▶ _Your goal_: A faithful transcript of all the lines below, with no pictures, is the goal here.

***** Stored data *****

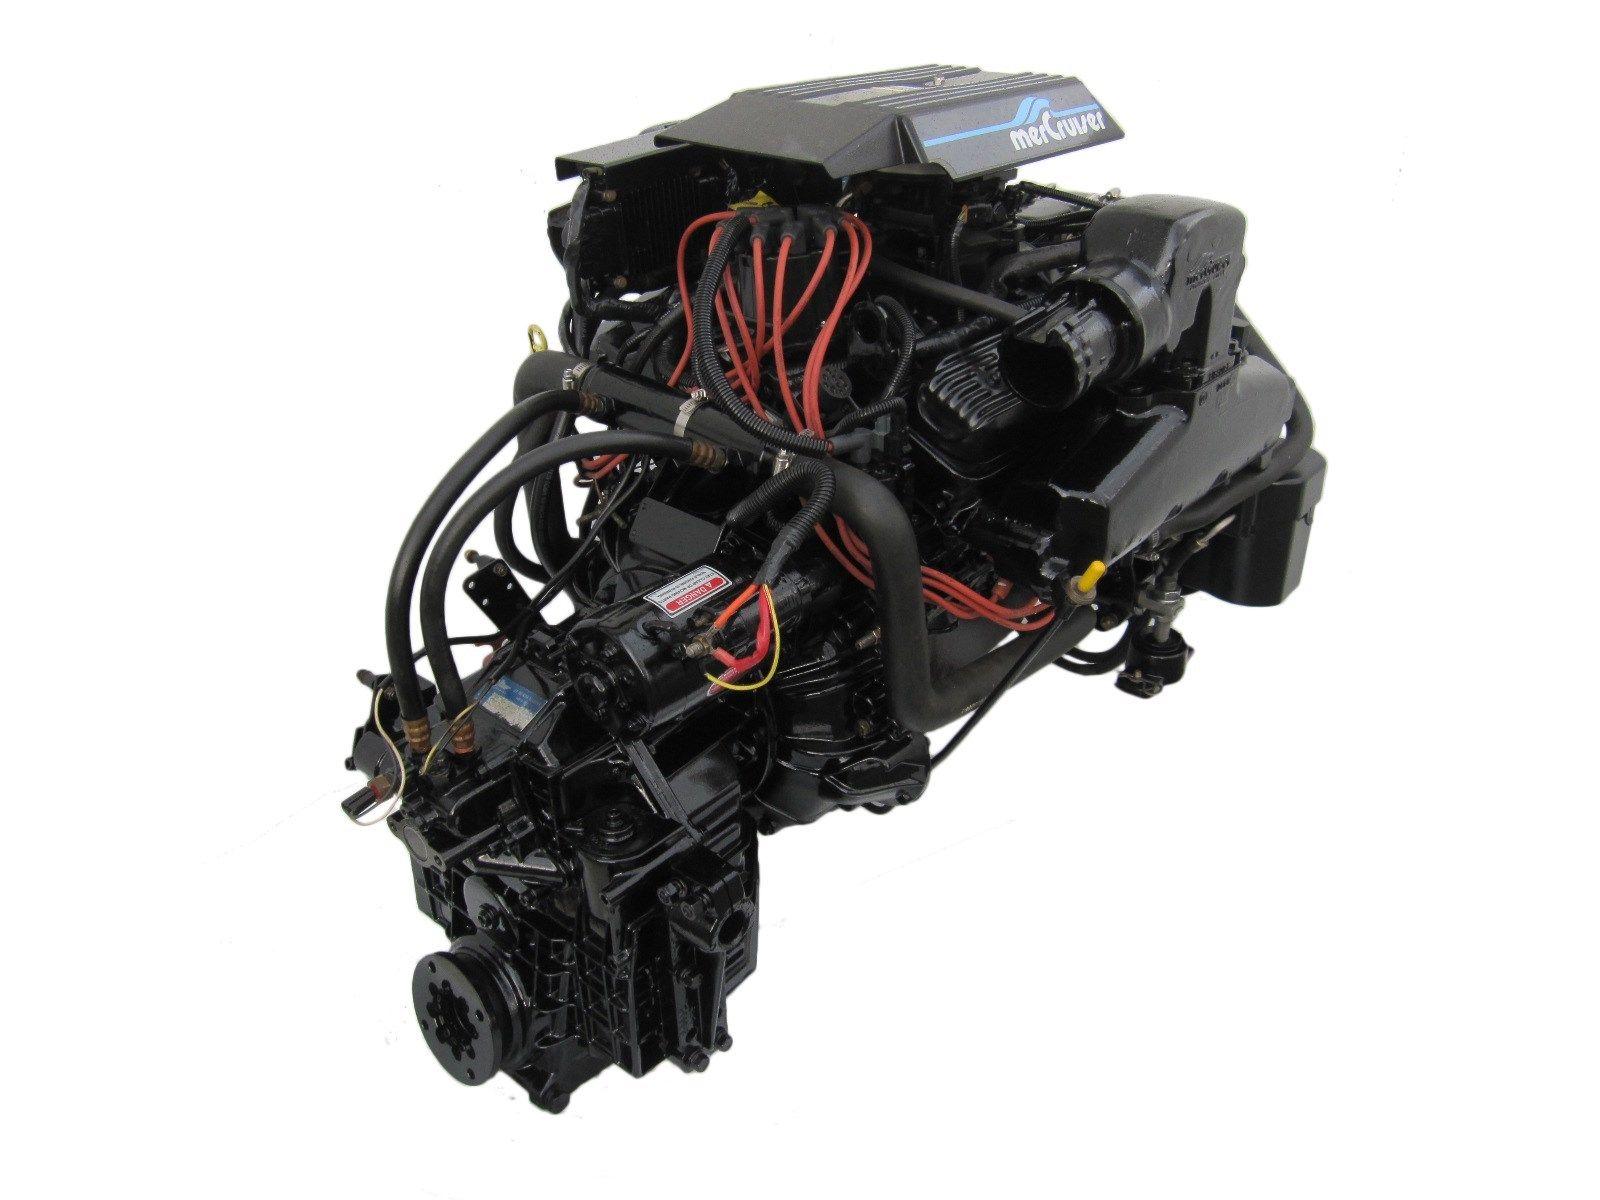 Mercruiser 57L Bluewater EFI Motor Inboard Boat Engine ZF
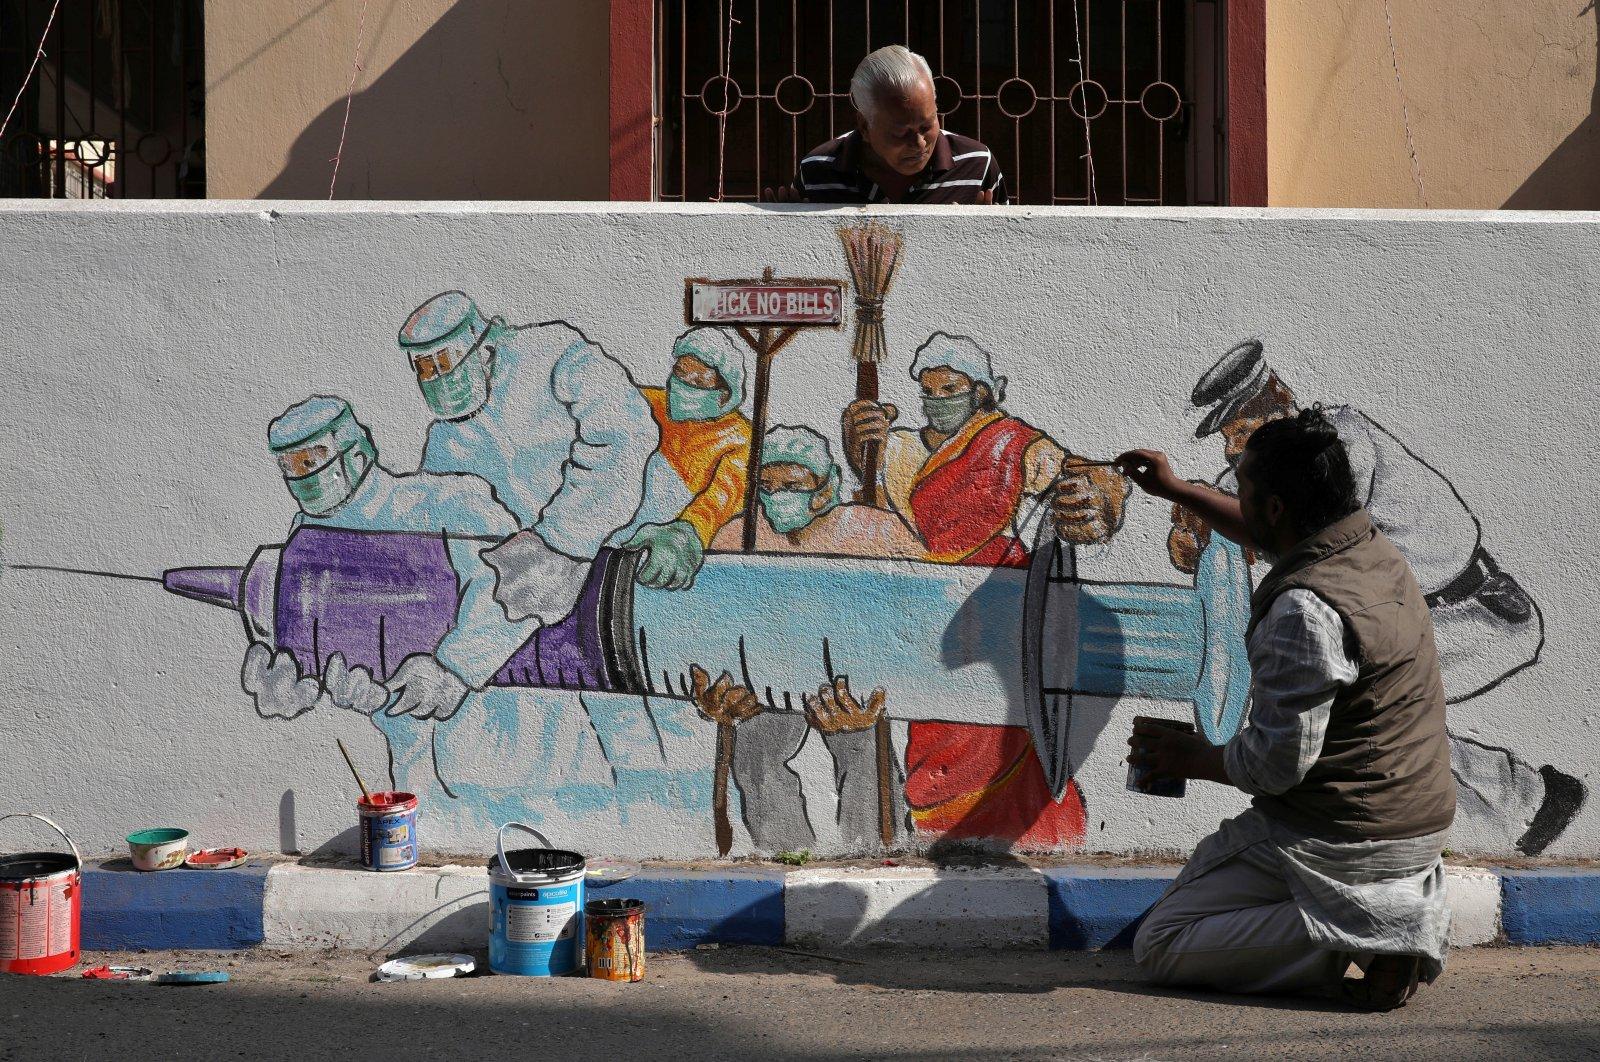 A man applies finishing touches to graffiti representing a vaccine, amidst the spread of coronavirus disease (COVID-19) in Kolkata, India, Jan. 2, 2021. (Reuters Photo)
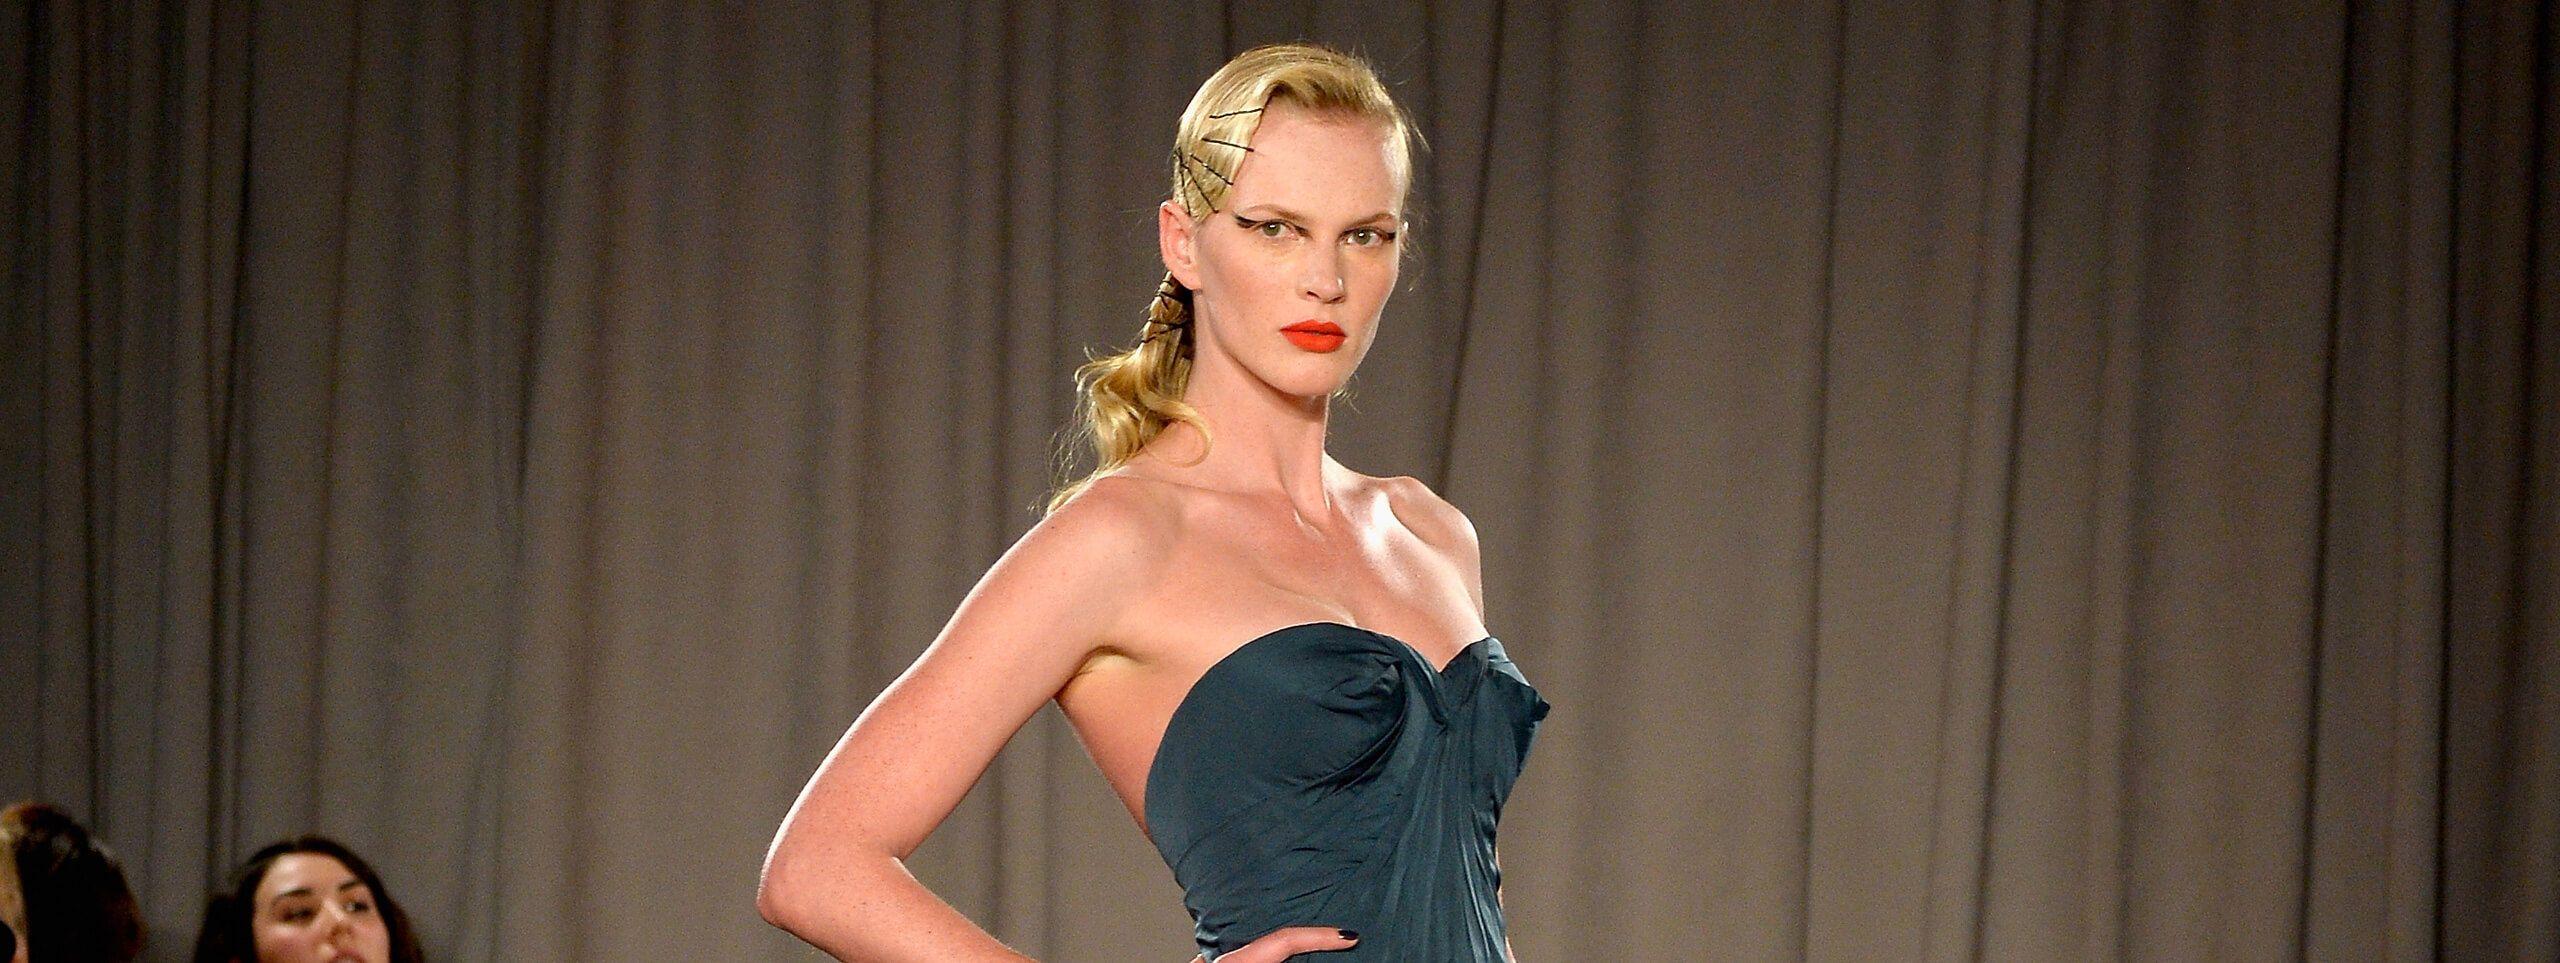 Modelka z fryzurą ze wsuwkami

*****

▶ _Written answer_:
 Mercruiser 57L Bluewater EFI Motor Inboard Boat Engine ZF
 A man applies finishing touches to graffiti representing a vaccine, amidst the spread of coronavirus disease (COVID-19) in Kolkata, India, Jan. 2, 2021. (Reuters Photo)
 Modelka z fryzurą ze wsuwkami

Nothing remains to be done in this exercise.